Good point. While you're leaving them alone. Leave their p u ck ing resources alone as well and stop meddling in their internal politics and setting up sides against each other because you thought you had a mandate to lump a bunch of strangers together in one country because you arrived late on the colonial grab scene and decided to cobble together a region o ...[text shortened]... second. Don't even try and apologize or even try and fix it just take up your crap and go!
Originally posted by Rajk999Its all very well to say they have problems but the west has always held it as her exclusive right to determine who should be 'helped' regardless of the wishes of the 'person' 'receiving' the 'assistance'.
Kmax, the problem with Africa is not the Americans, its the Africans. And nobody can fix that problem. Not even the Africans.
For instance, if I were a cable guy and I knew you were living in a bloc of apartments where every one only listened to the radio and because I thought that was a crying shame and so backward, I took it upon myself to bash your doors down and complete a full installation with all the channels doing it in such a way that no-one in the bloc would ever have to pay for the installation or the channel content. Not only do I upset every one's apartment with my forthright invasion of their space, I am also very obnoxious while doing the installations, leaving dirt everywhere, knocking out holes in walls to get to things and generally making a great big mess, which I feel is not my responsibility to clean up because hey everyones getting free cable so quit complaining already.
To further complicate matters I tell the people who were used to the economics of free radio, that after a while the content providers would want to start billing them and before long I am quite proud of my achievements in introducing these poor people to the wonders of cable TV
When someone tries to explain to me that my apparent largesse is seen very negatively by the people living in the bloc, I rant and rave and curse the residents for being so ungrateful etc................................
Is it that hard to acknowledge the point I am making?
Originally posted by kmax87Yes, I understand the point.

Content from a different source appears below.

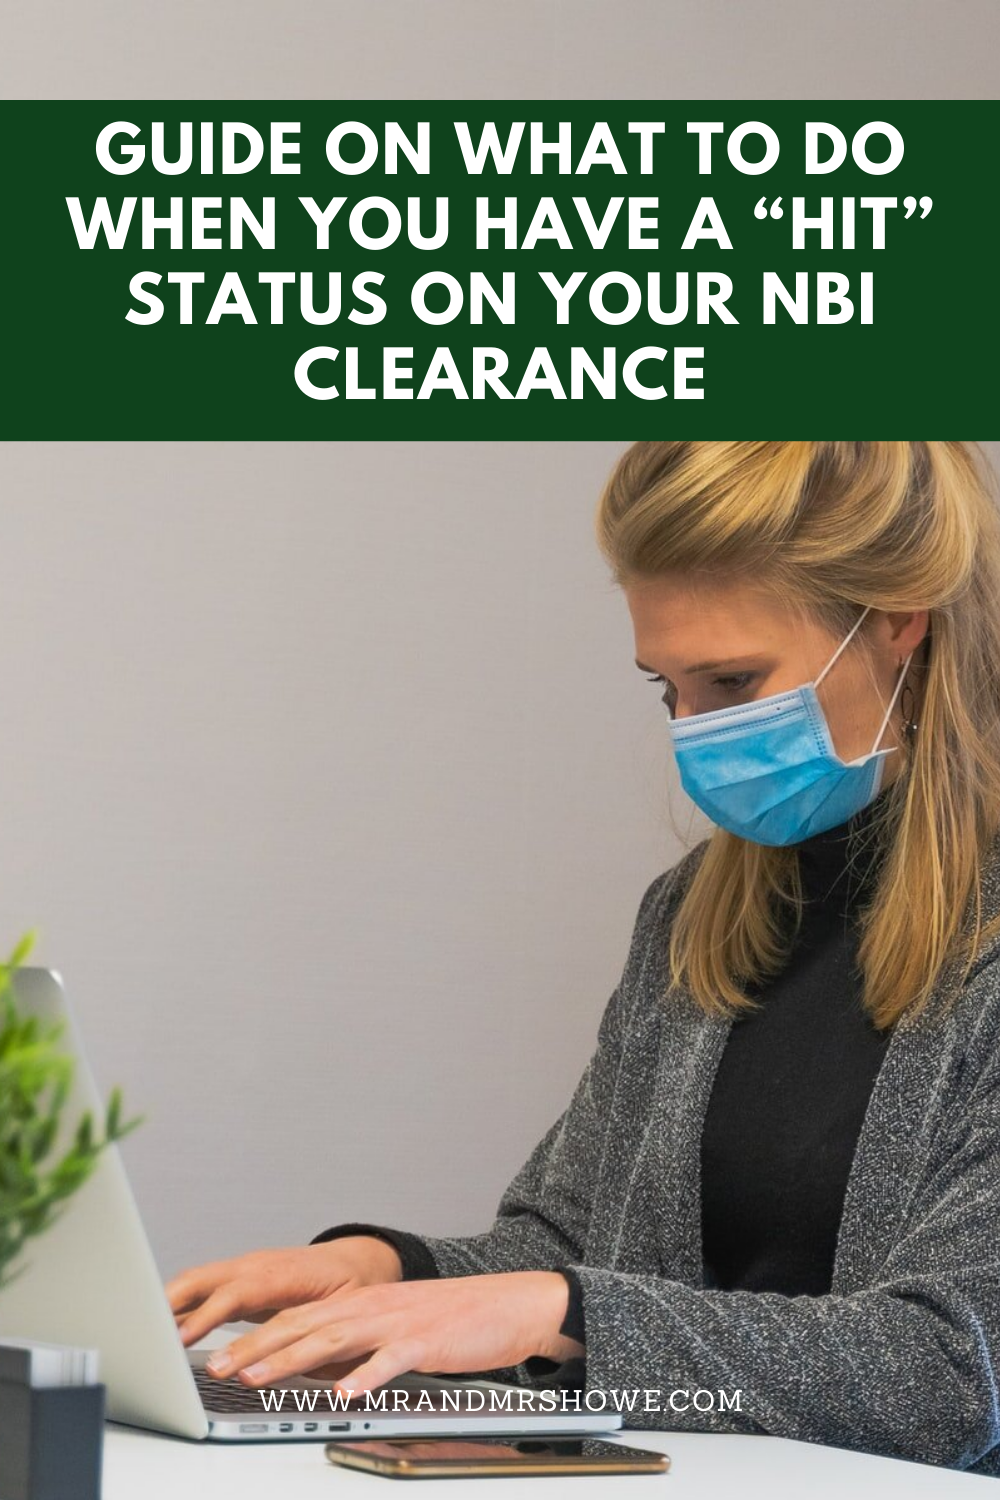 NBI Hit What To Do When You Have A “HIT” Status On Your NBI Clearance1.png

Its all very well to say they have problems but the west has always held it as her exclusive right to determine who should be 'helped' regardless of the wishes of the 'person' 'receiving' the 'assistance'.
For instance, if I were a cable guy and I knew you were living in a bloc of apartments where every one only listened to the radio and because I thought ...[text shortened]... ..............................

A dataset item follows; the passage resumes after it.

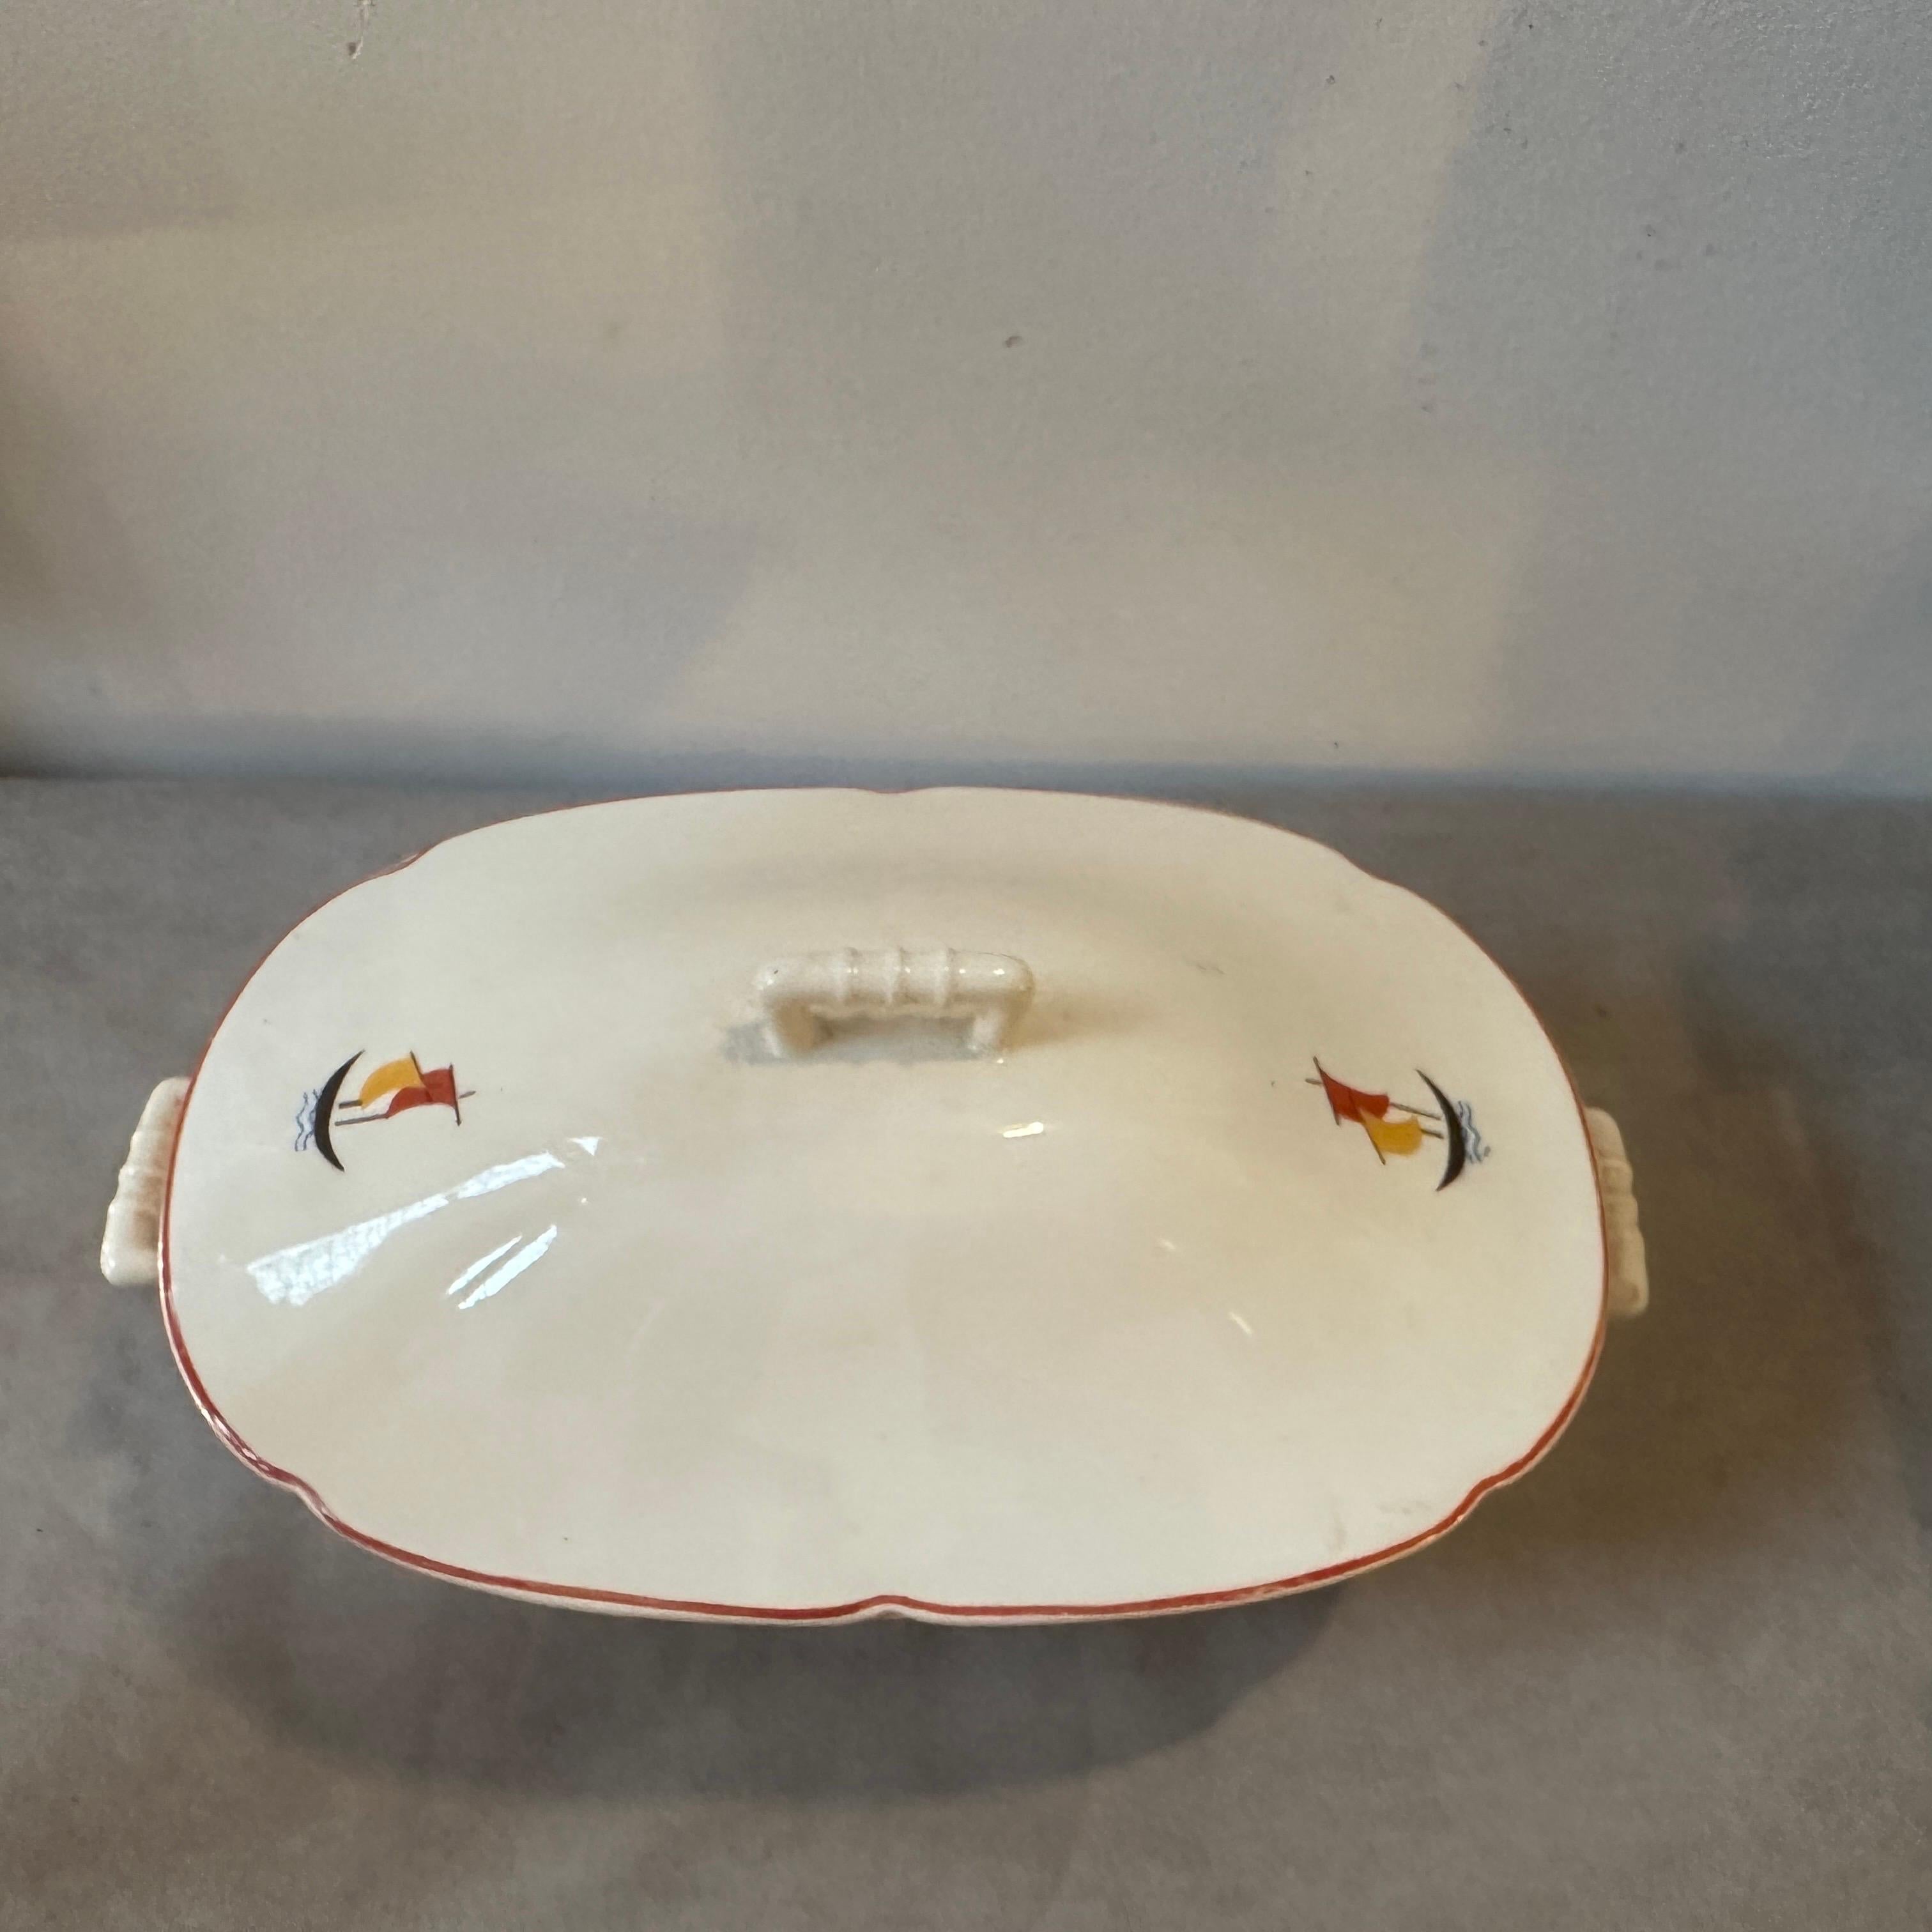 1935s Art Deco Ceramic Soup Tureen by Gio Ponti for S.C. Richard  For Sale 2

Is it that hard to acknowledge the point I am making?
You are the smart cable guy that wants to sell cable subscriptions to a bunch of morons in my apt block. I see absolutely nothing wrong with what you do. I will consider myself and my neighbours very stupid for allowing you to suceed in doing something that is detrimental to us.
Do you understand my point? ITS MY FAULT IF YOU OUTSMART ME !
The US Govt and the US corporations have their own agenda and most people on this planet are smart enough to figure that out and use the US to their own advantage and even create a symbiotic relationship :
- Europe was able to do it over and over again in the 1900s
- Japan was able to use the US technology after WWII to their benefit and subequently beat them at their own game
- China is now doing that
- India is now developing into one of the fastest growing tech centers in the world.
- Israel did it and much of the Islamic states are doing it and benefiting from US Tech and finance.
- even humble Trinidad where I am from was able to utilize the US funds and technology in the energy sector.
The point is that availability of the US funds, technology and know how is the best thing that happend to world in the 1900s, and most countries know how to use it to their advantage.
What is wrong with Africa ? I will give you three guesses but you only going to need one.